TASK PROMPT:
The material below holds pictures; leave them out and reproduce exactly the lines from the one with "Telecommunication tower with" through the one with "NIEM Naming and", inclusive.

SOURCE RECORDS:
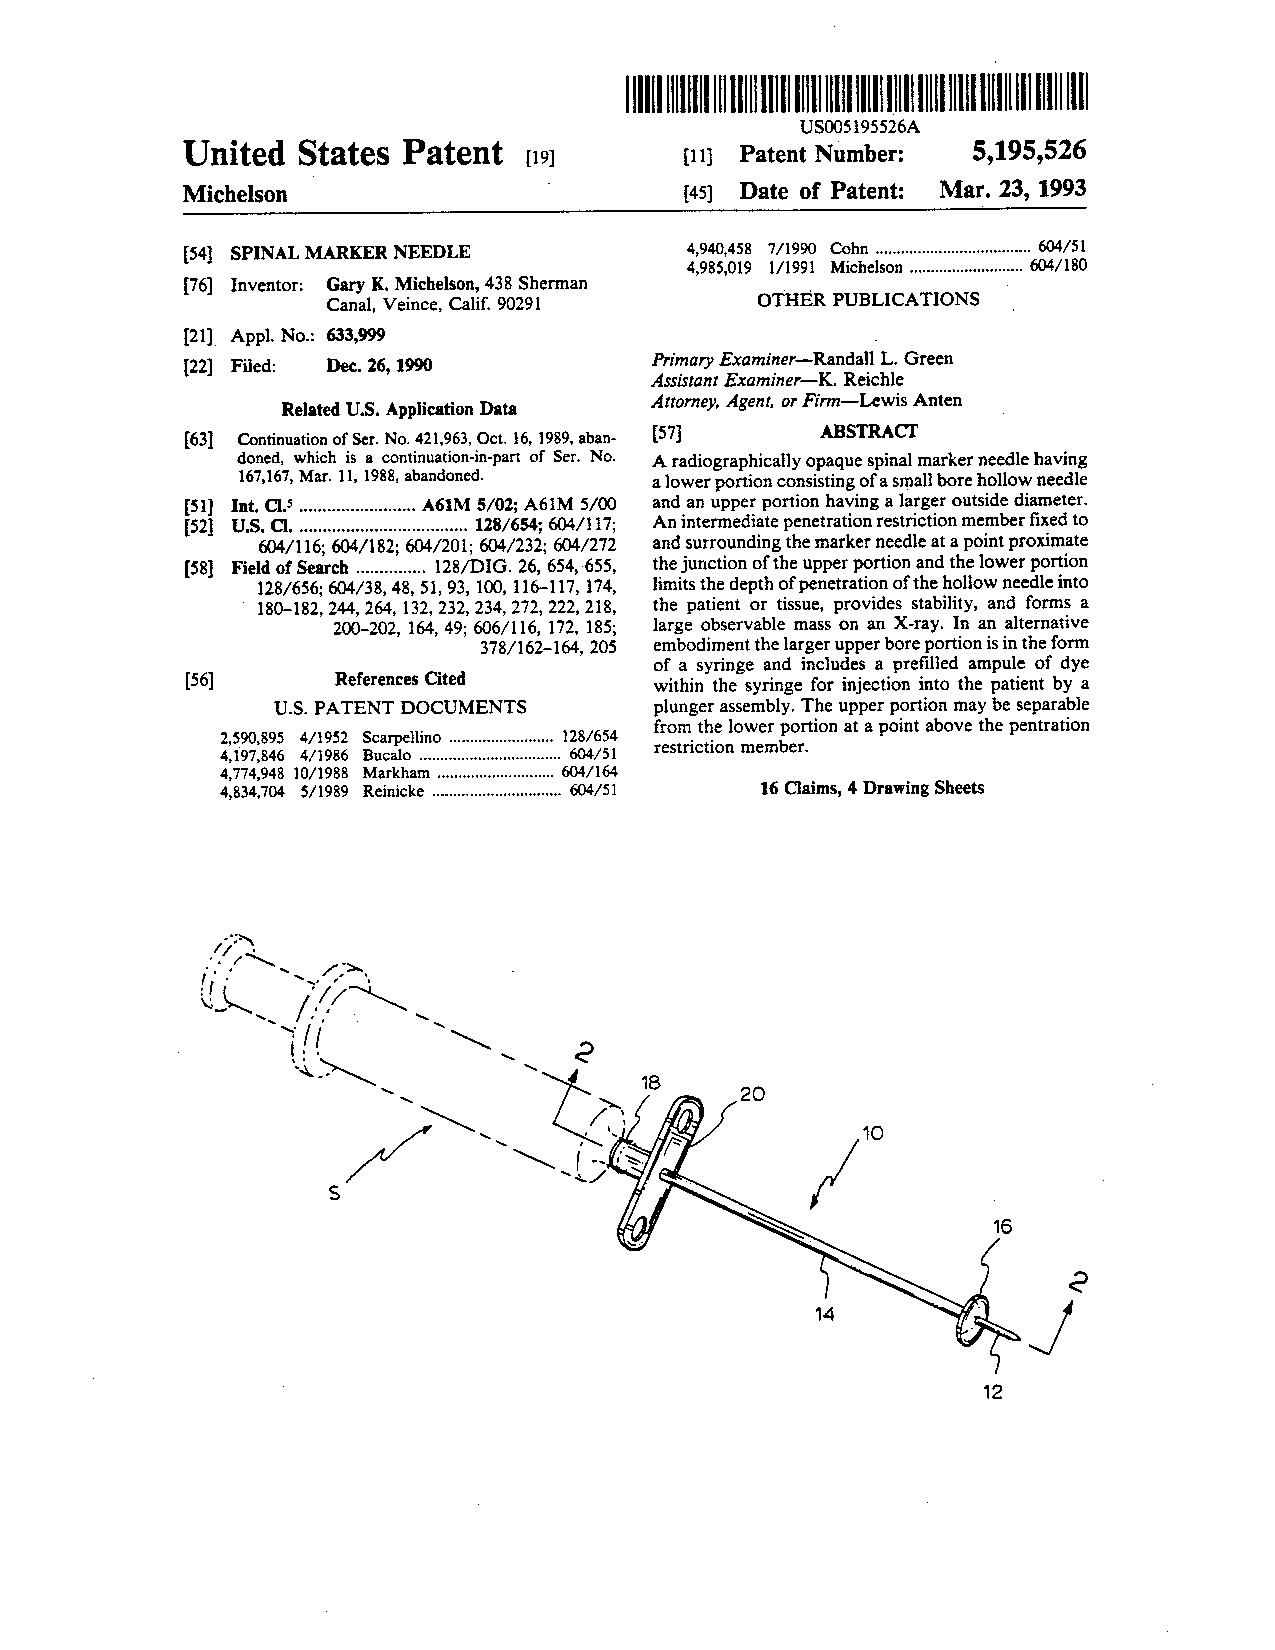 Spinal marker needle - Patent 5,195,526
* * *
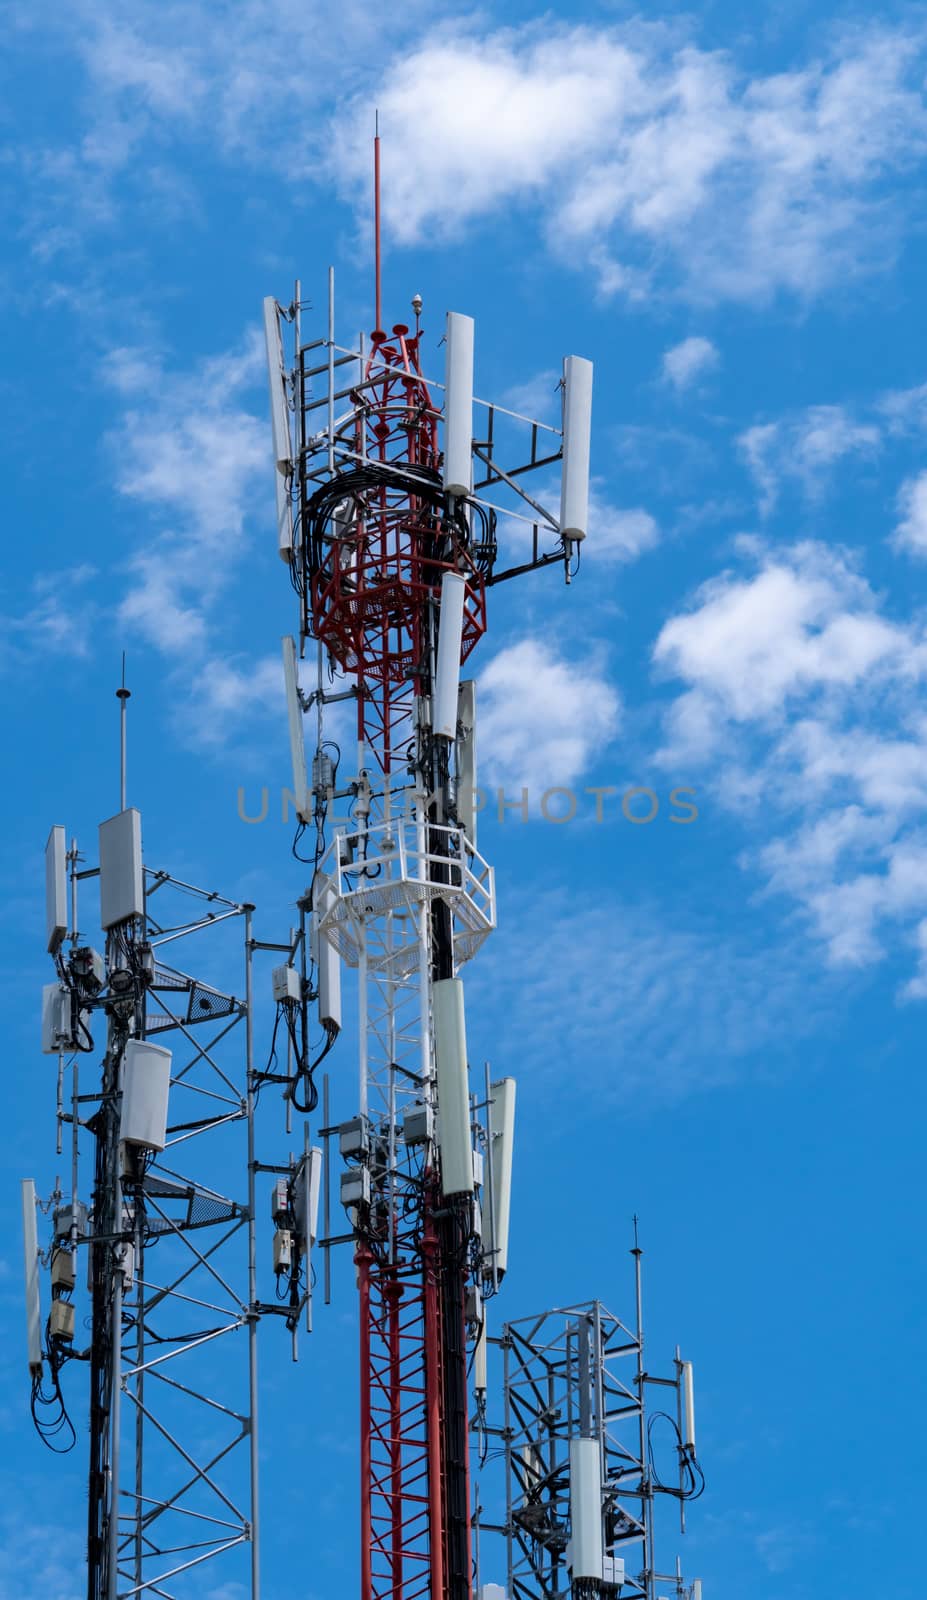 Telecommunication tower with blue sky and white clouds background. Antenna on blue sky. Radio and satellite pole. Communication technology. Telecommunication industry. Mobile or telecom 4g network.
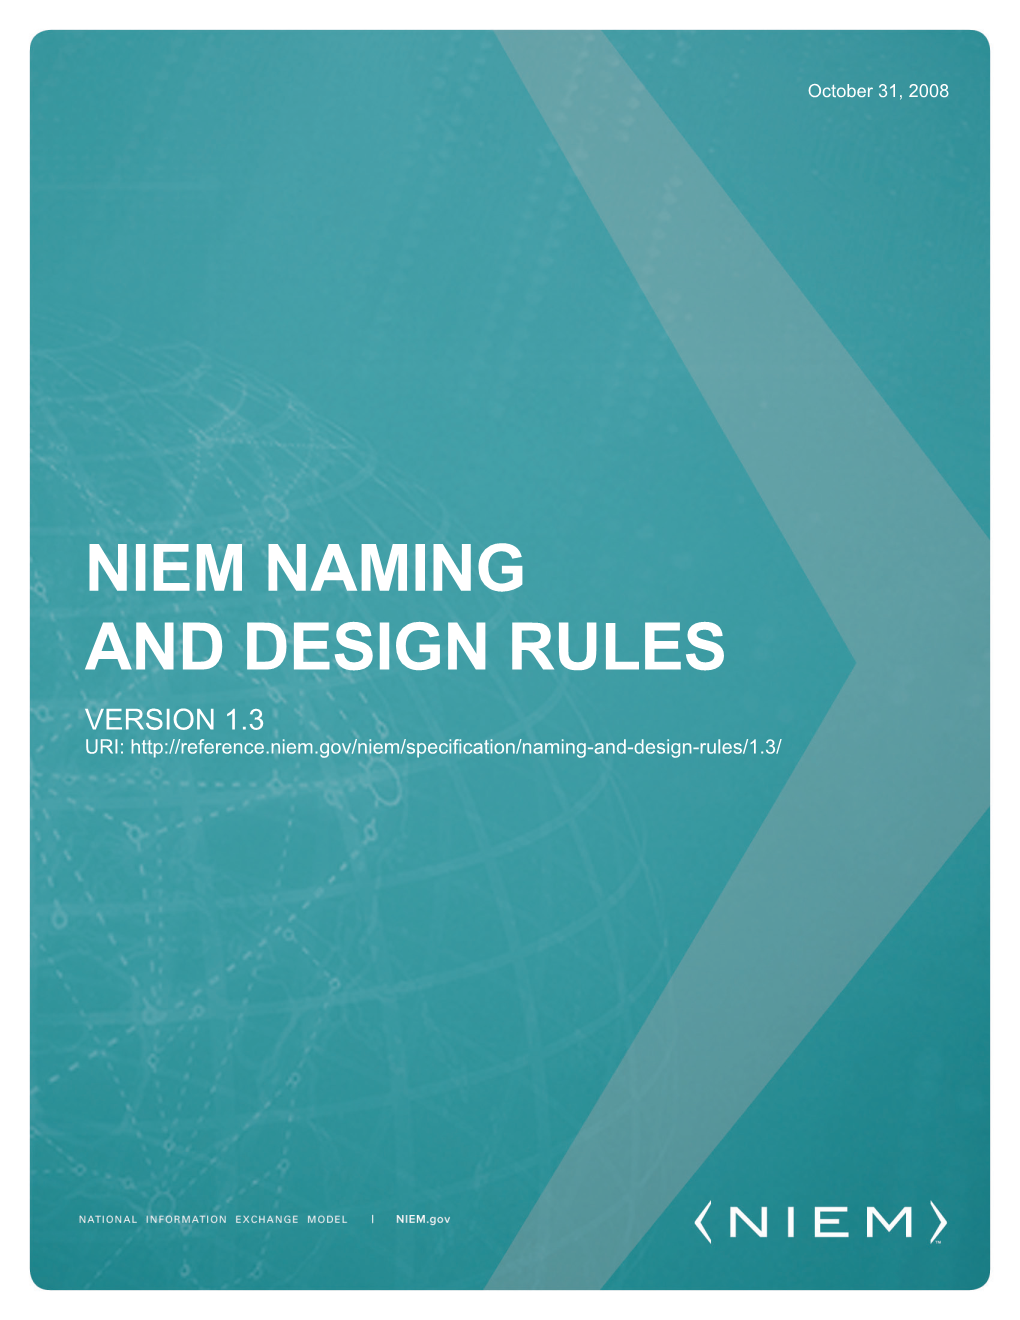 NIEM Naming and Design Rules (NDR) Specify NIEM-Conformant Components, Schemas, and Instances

RESPONSE BELOW:
 Telecommunication tower with blue sky and white clouds background. Antenna on blue sky. Radio and satellite pole. Communication technology. Telecommunication industry. Mobile or telecom 4g network.
 NIEM Naming and Design Rules (NDR) Specify NIEM-Conformant Components, Schemas, and Instances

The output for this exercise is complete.